Task: Set down the data below from its first line to the line holding "The Mitchell Building", inclusive; omit all pictures.

Data block:
▽

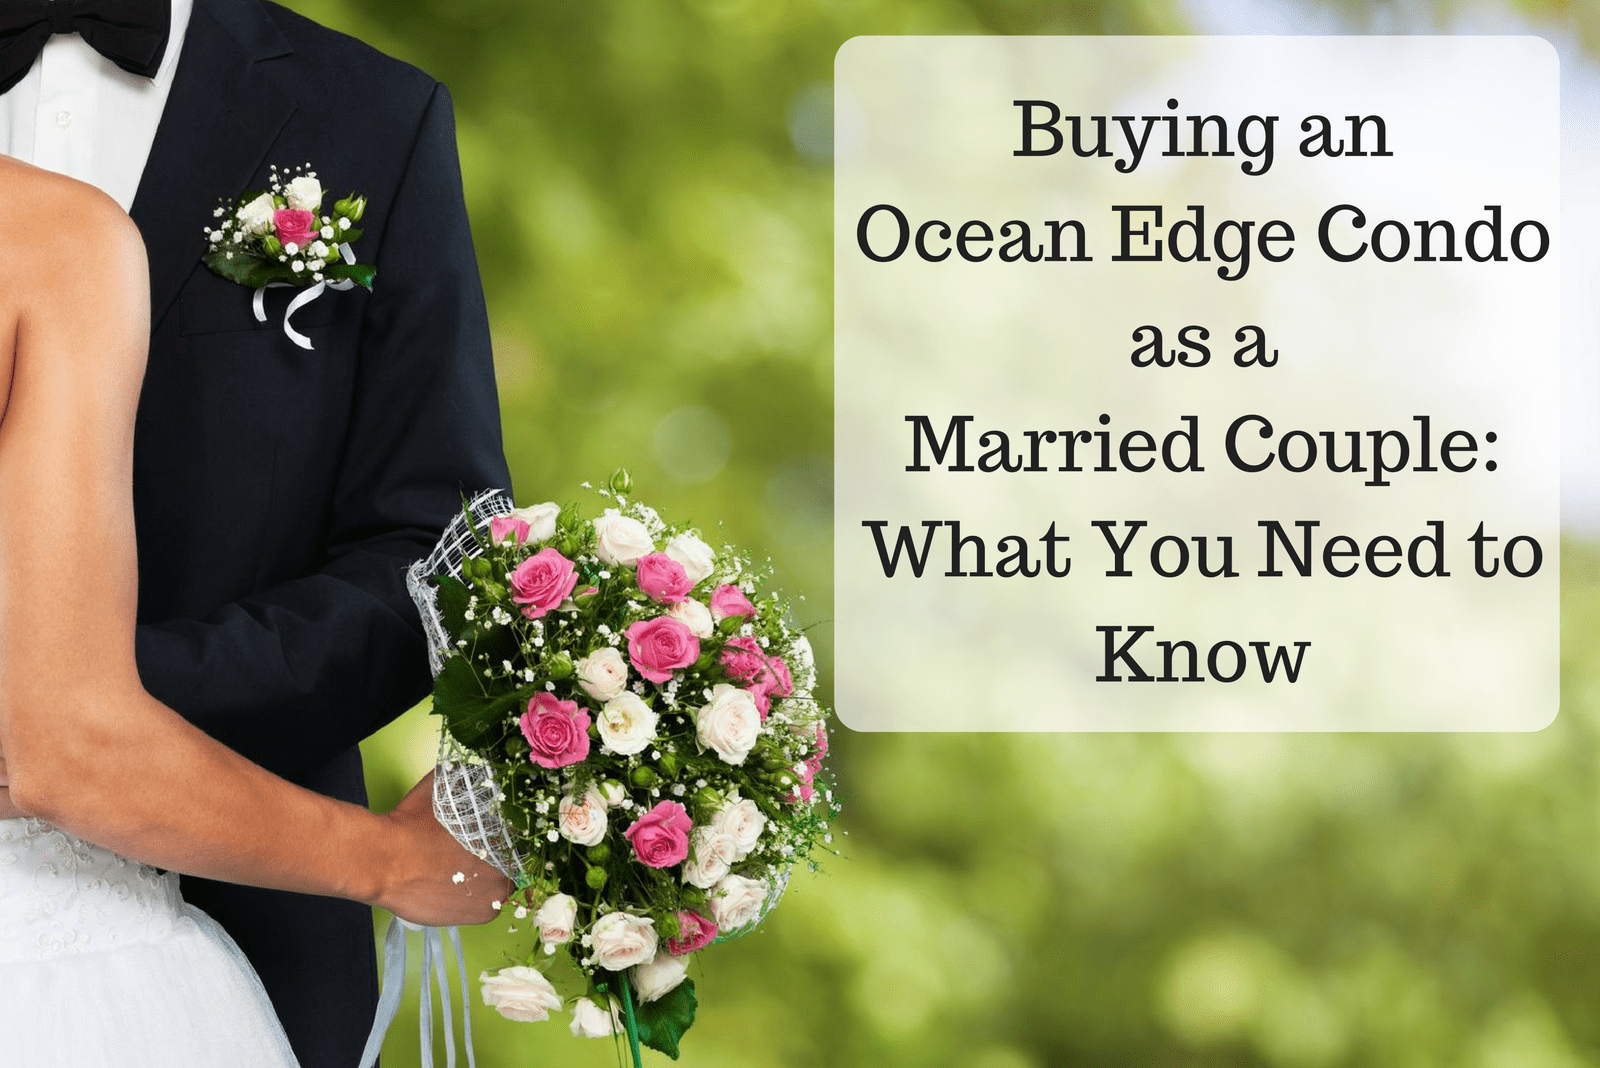 Buying an Ocean Edge Condo as a Married Couple: What You Need to Know
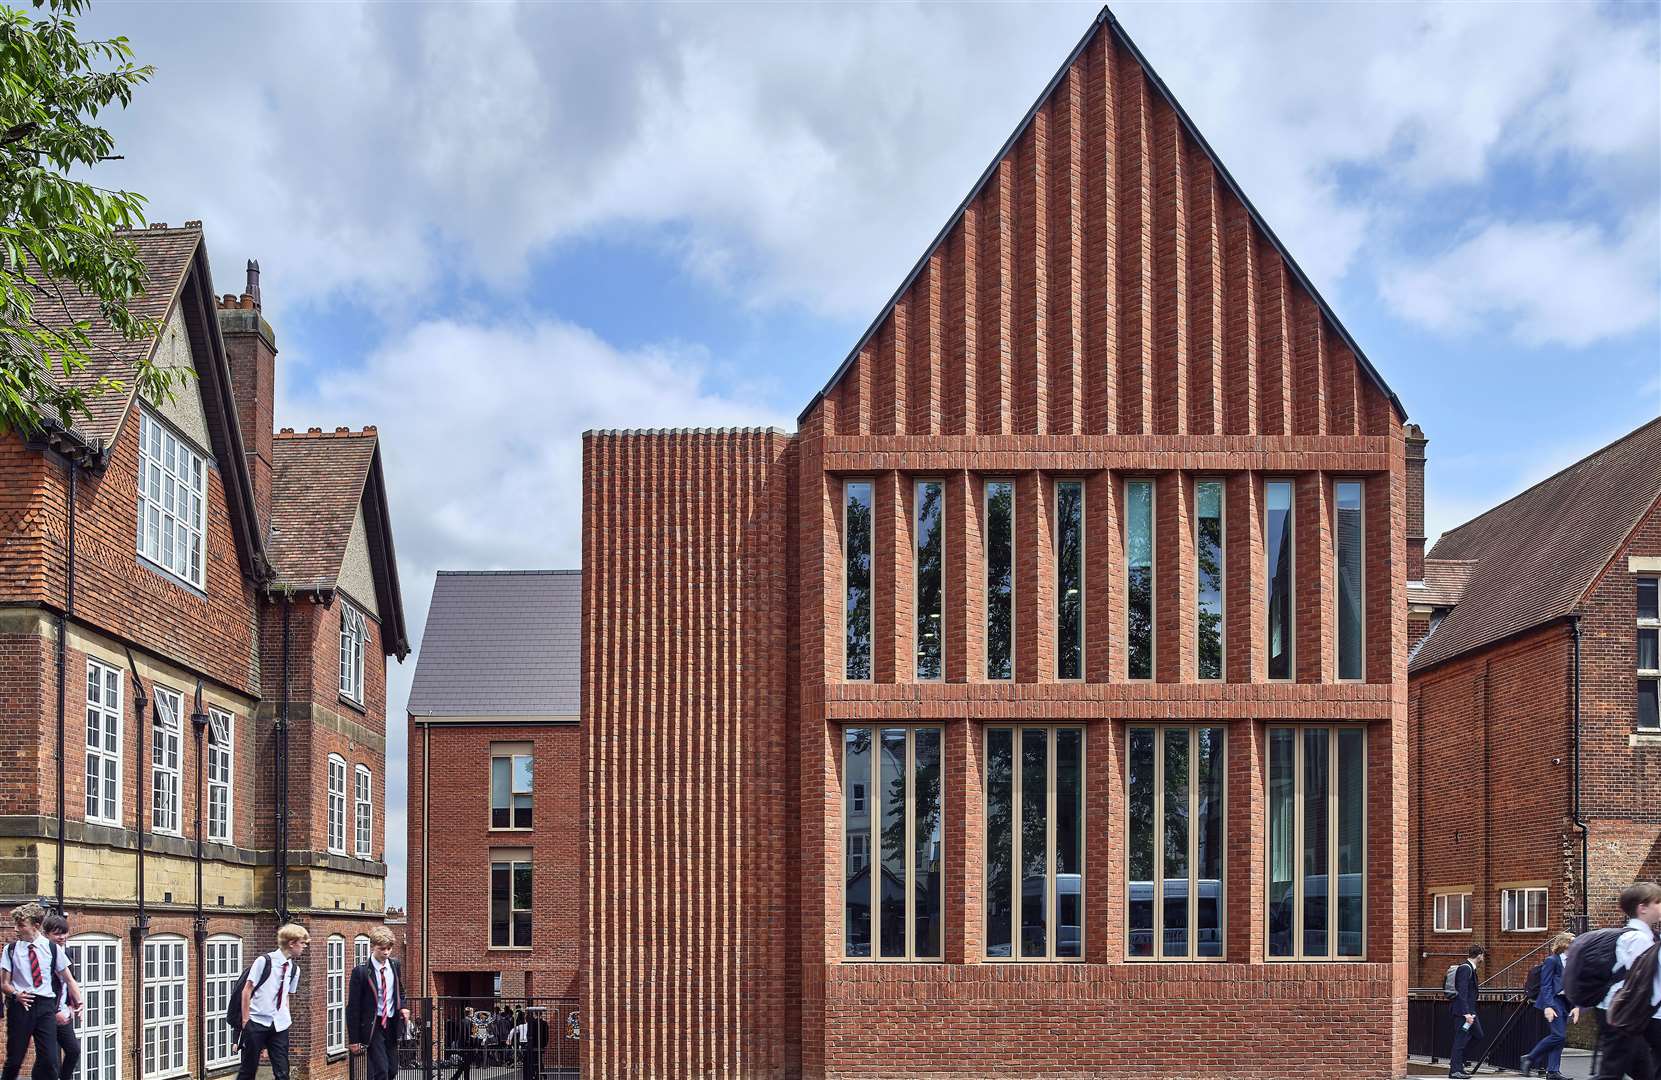 The Mitchell Building at the Skinners' School in Tunbridge Wells, designed by Bell Phillips Architects. Picture: Kilian O'Sullivan
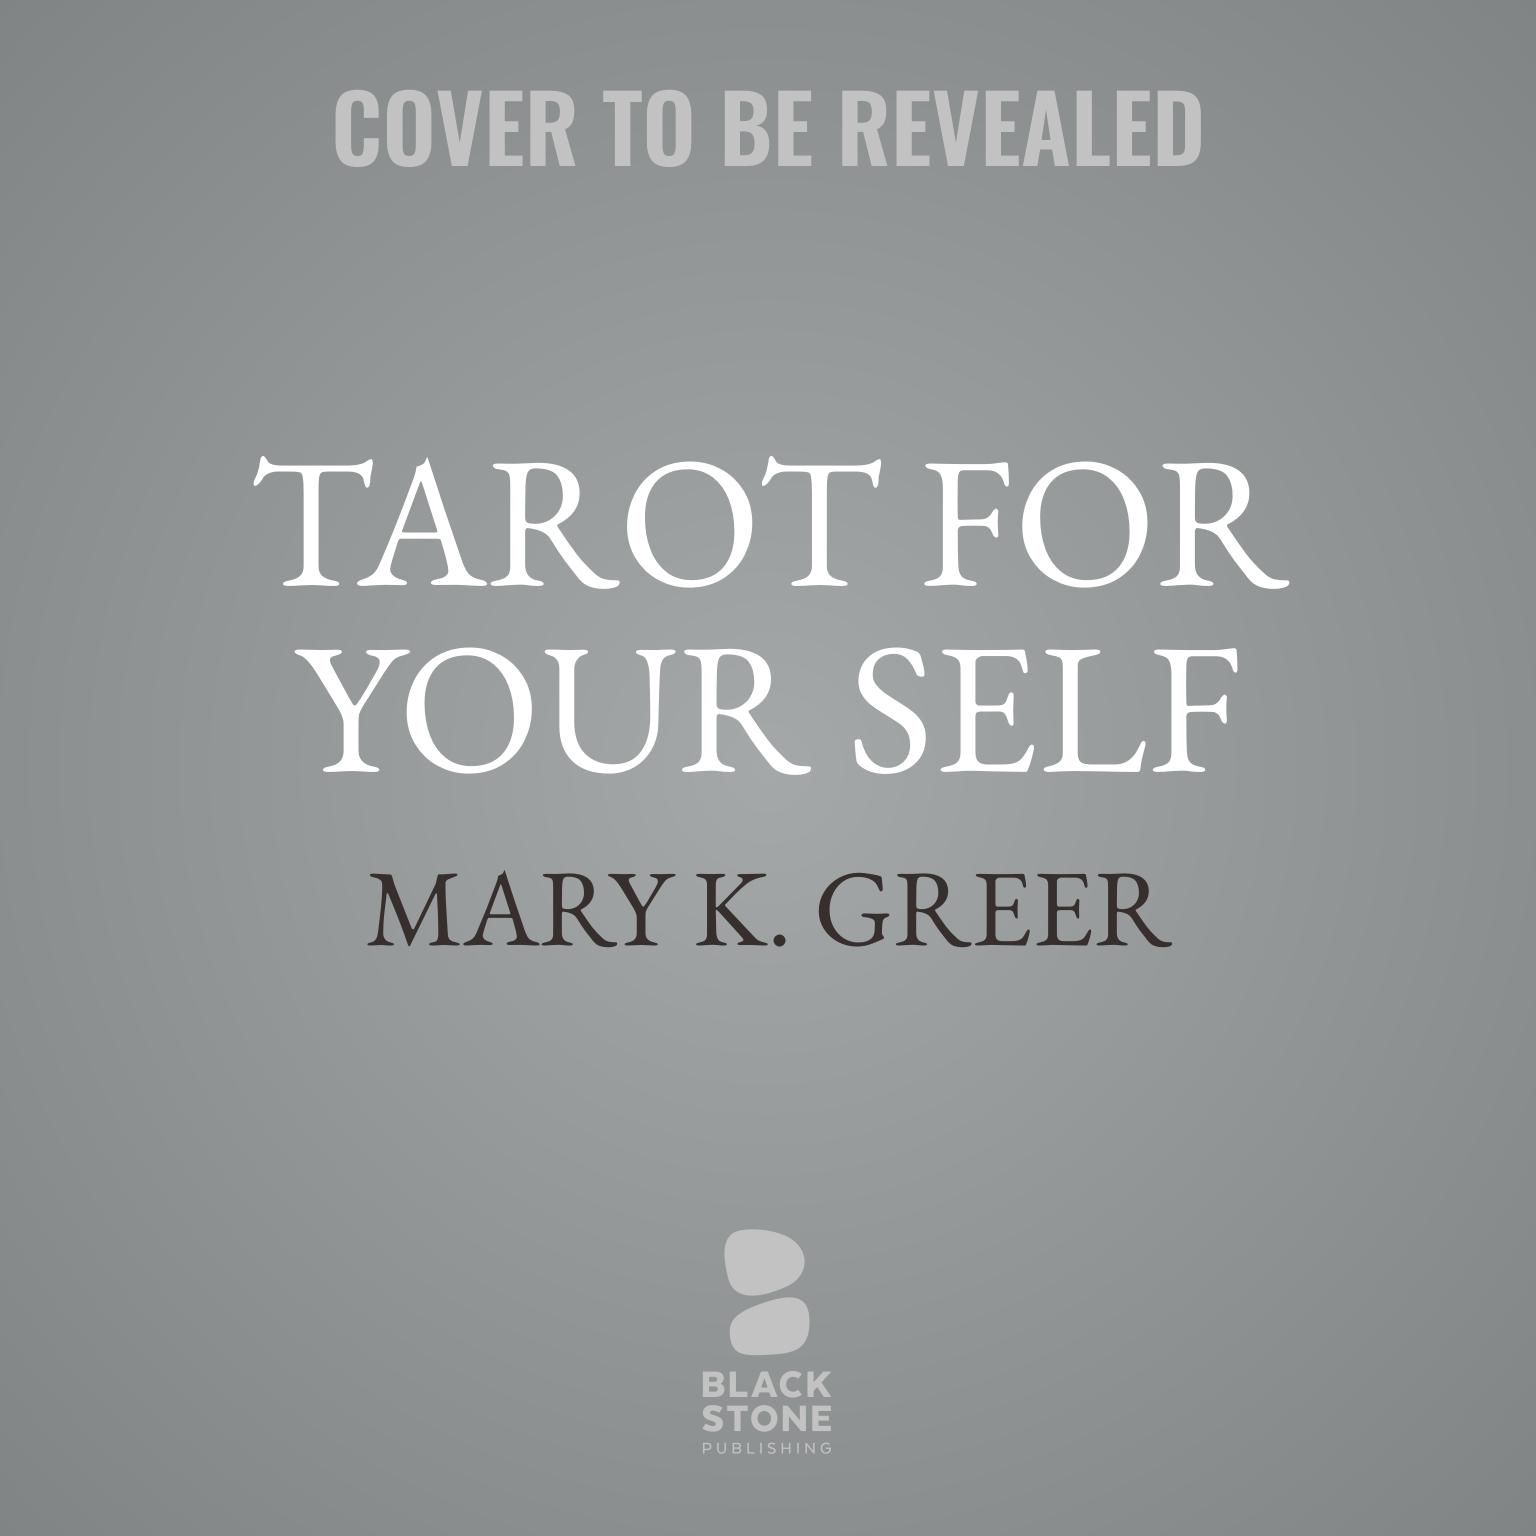 Tarot for Your Self: A Workbook for the Inward Journey (35th Anniversary Edition) Audiobook, by Mary K. Greer

△

Written response:
 Buying an Ocean Edge Condo as a Married Couple: What You Need to Know
 The Mitchell Building at the Skinners' School in Tunbridge Wells, designed by Bell Phillips Architects. Picture: Kilian O'Sullivan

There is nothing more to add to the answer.